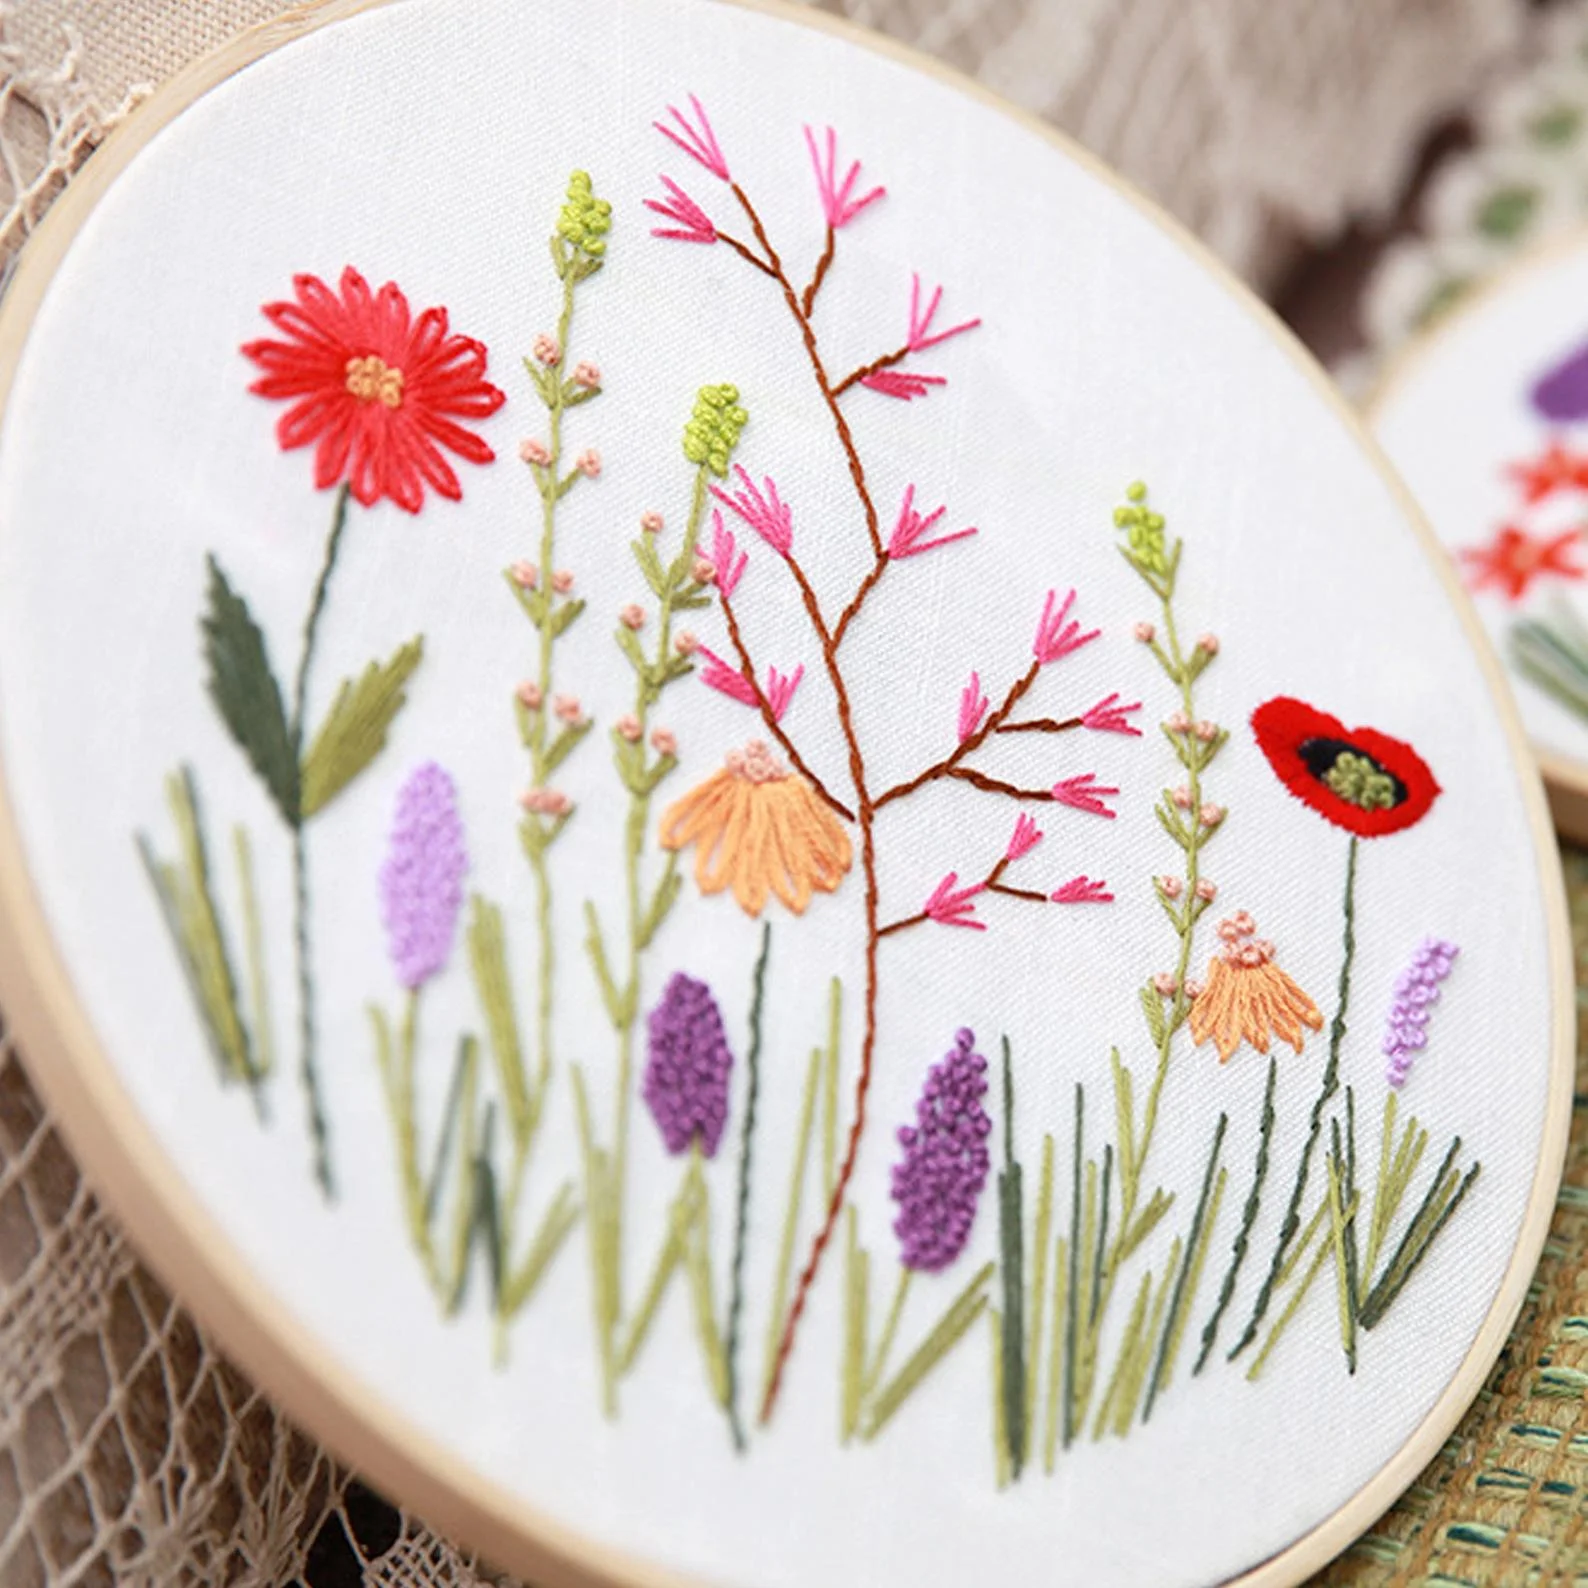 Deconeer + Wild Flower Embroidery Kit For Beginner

* * * * *

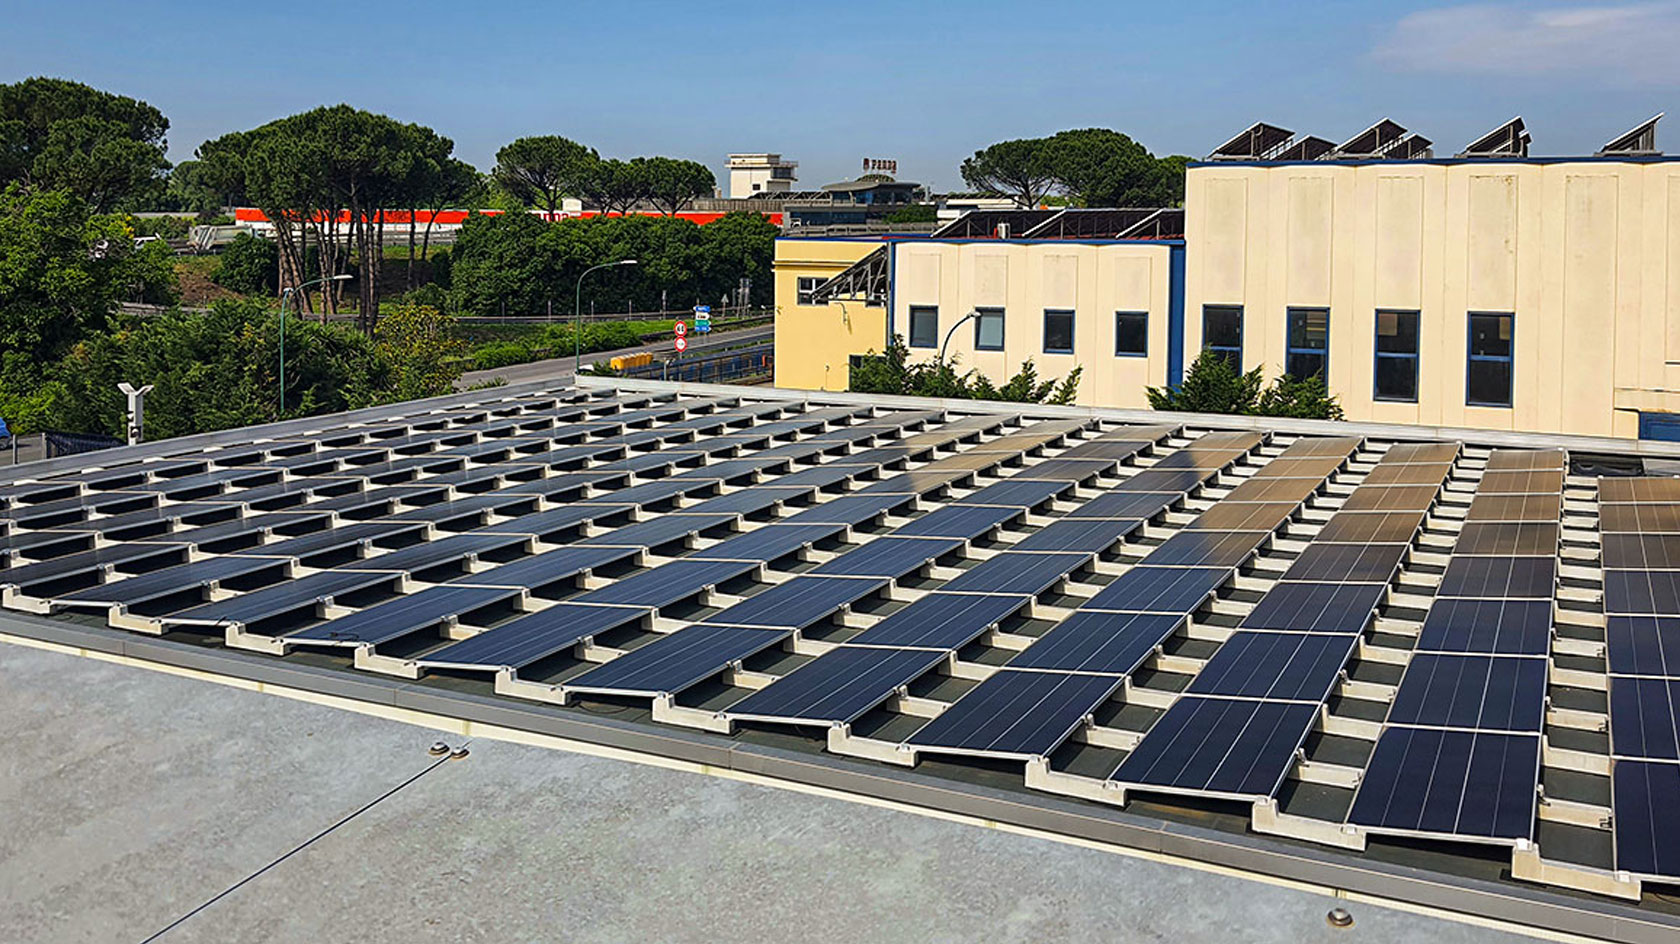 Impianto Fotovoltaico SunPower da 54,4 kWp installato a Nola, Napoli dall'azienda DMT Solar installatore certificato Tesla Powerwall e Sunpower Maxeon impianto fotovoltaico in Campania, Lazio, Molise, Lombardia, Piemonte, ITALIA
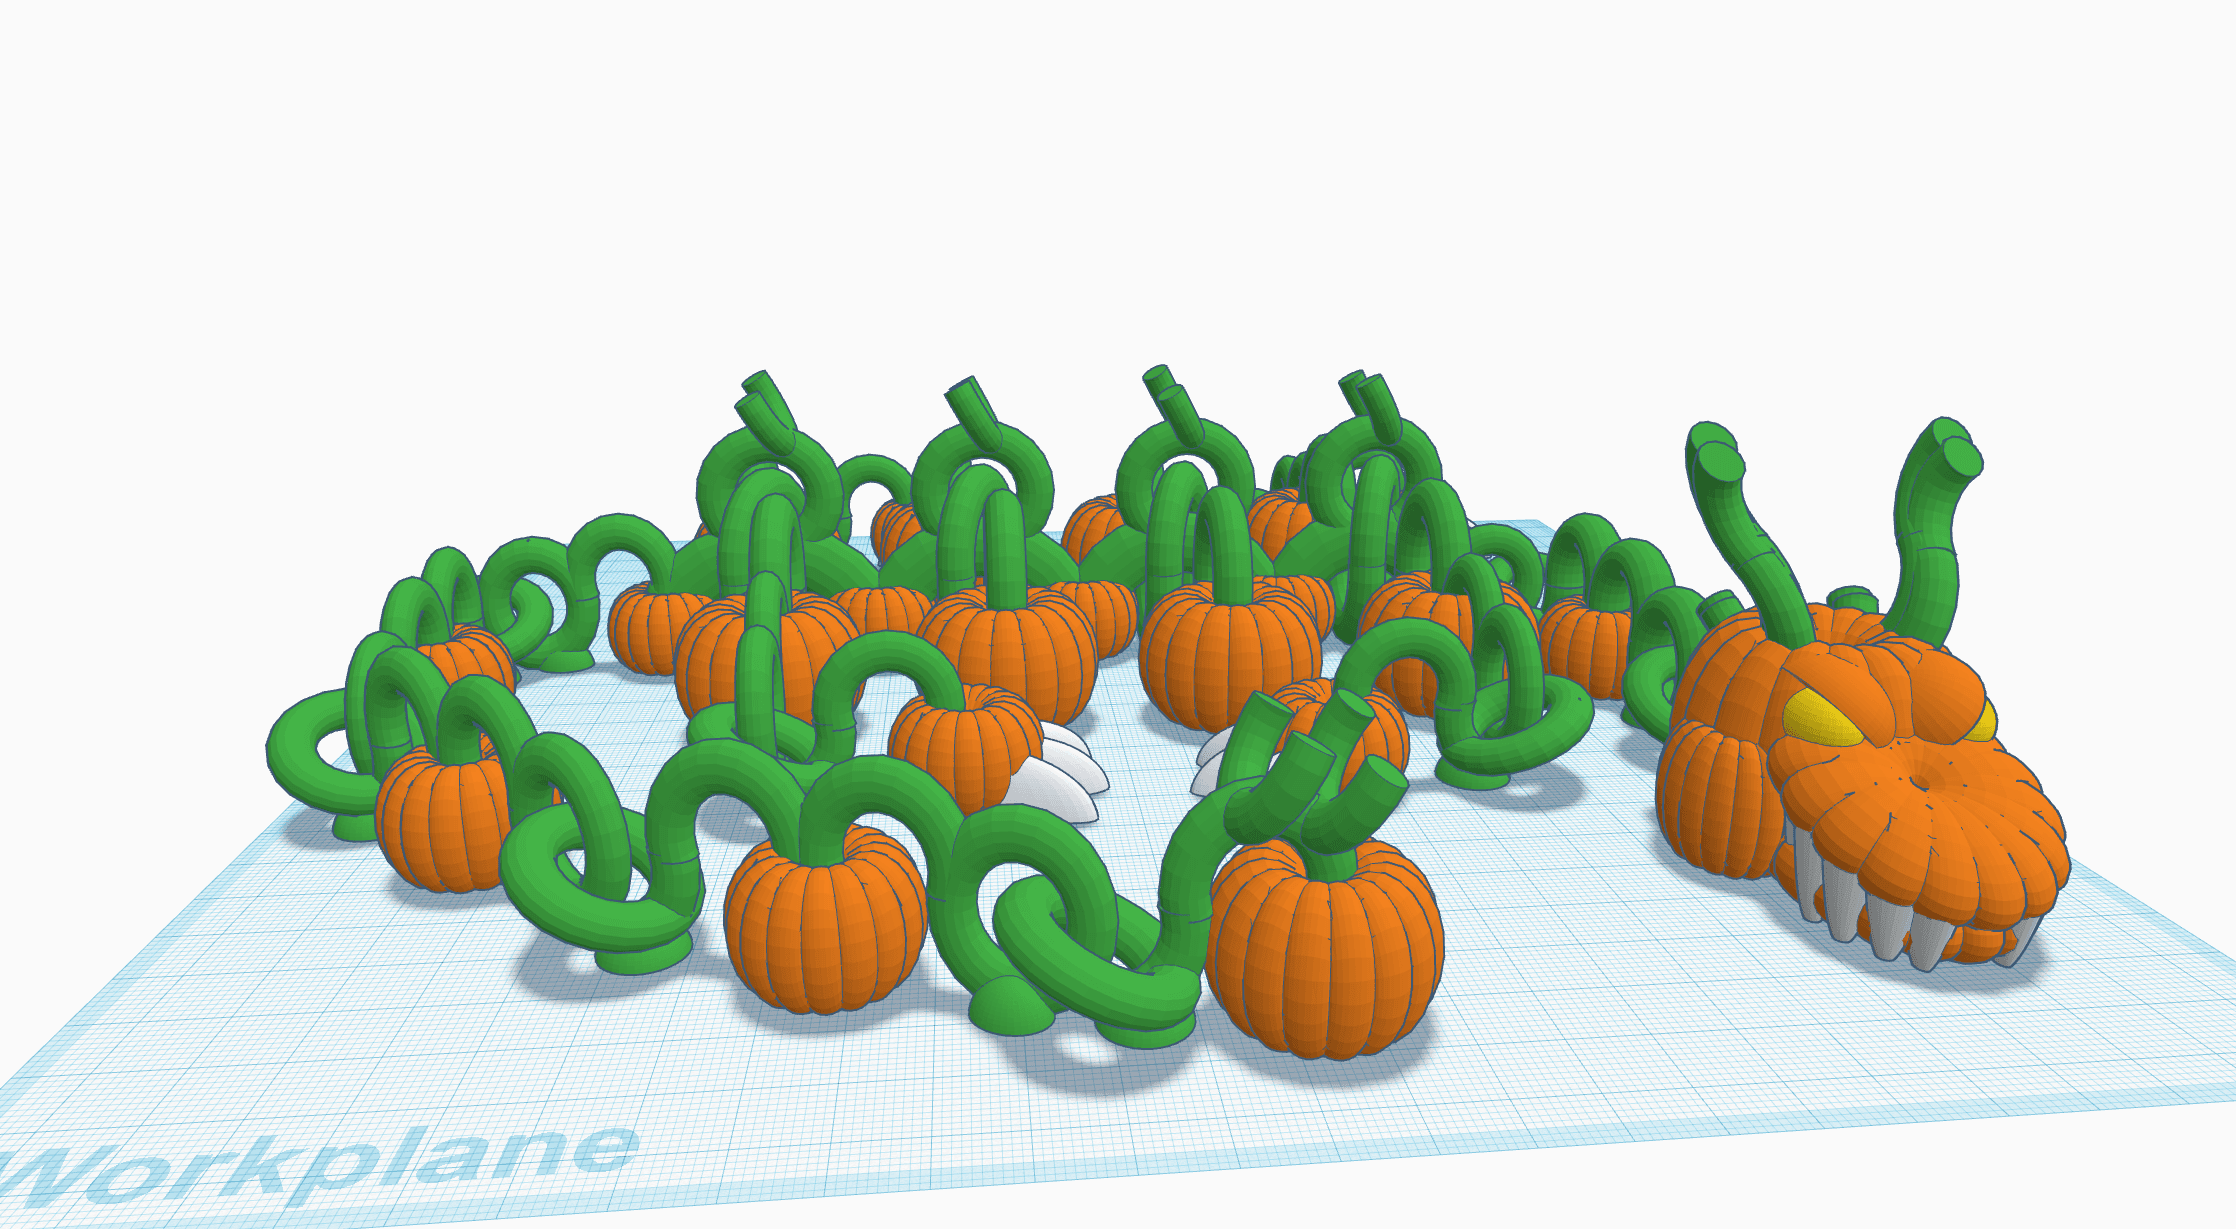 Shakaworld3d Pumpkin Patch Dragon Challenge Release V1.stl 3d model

* * * * *

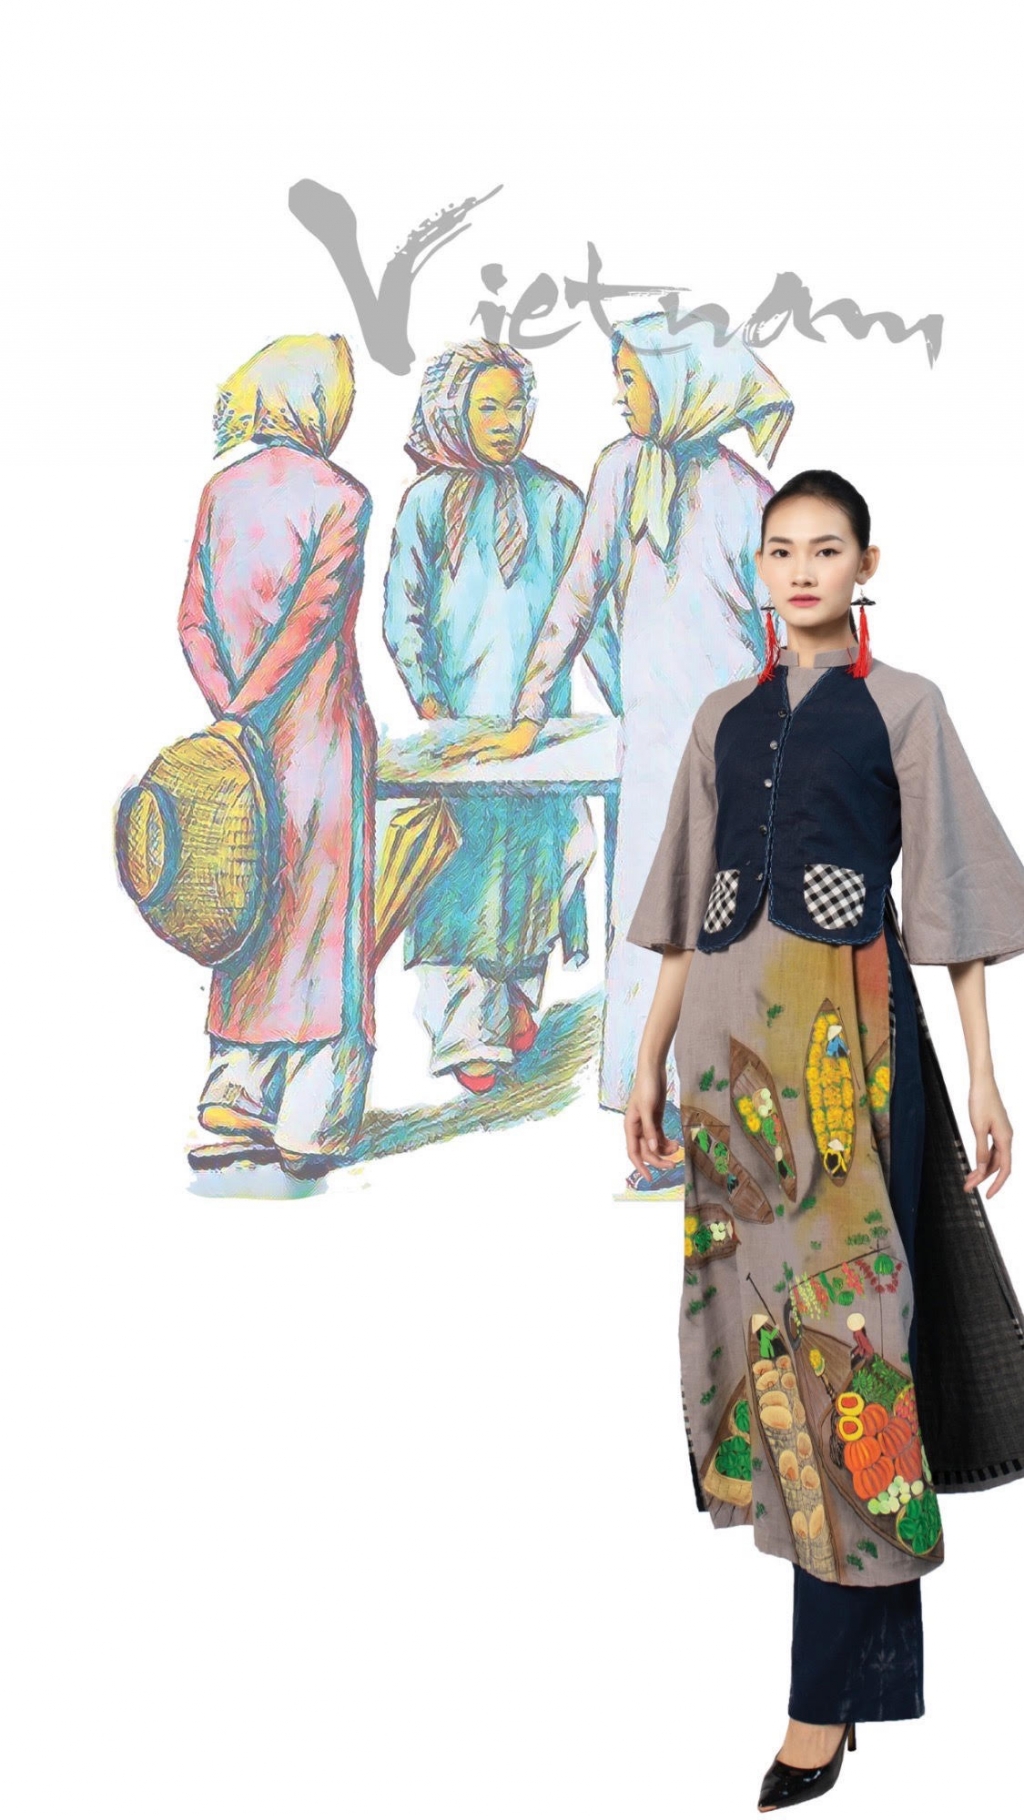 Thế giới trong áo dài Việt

* * * * *

Return the lines above from the one with "Impianto Fotovoltaico SunPower" through the one with "Shakaworld3d Pumpkin Patch", verbatim and nothing else. Omit every picture.

 Impianto Fotovoltaico SunPower da 54,4 kWp installato a Nola, Napoli dall'azienda DMT Solar installatore certificato Tesla Powerwall e Sunpower Maxeon impianto fotovoltaico in Campania, Lazio, Molise, Lombardia, Piemonte, ITALIA
 Shakaworld3d Pumpkin Patch Dragon Challenge Release V1.stl 3d model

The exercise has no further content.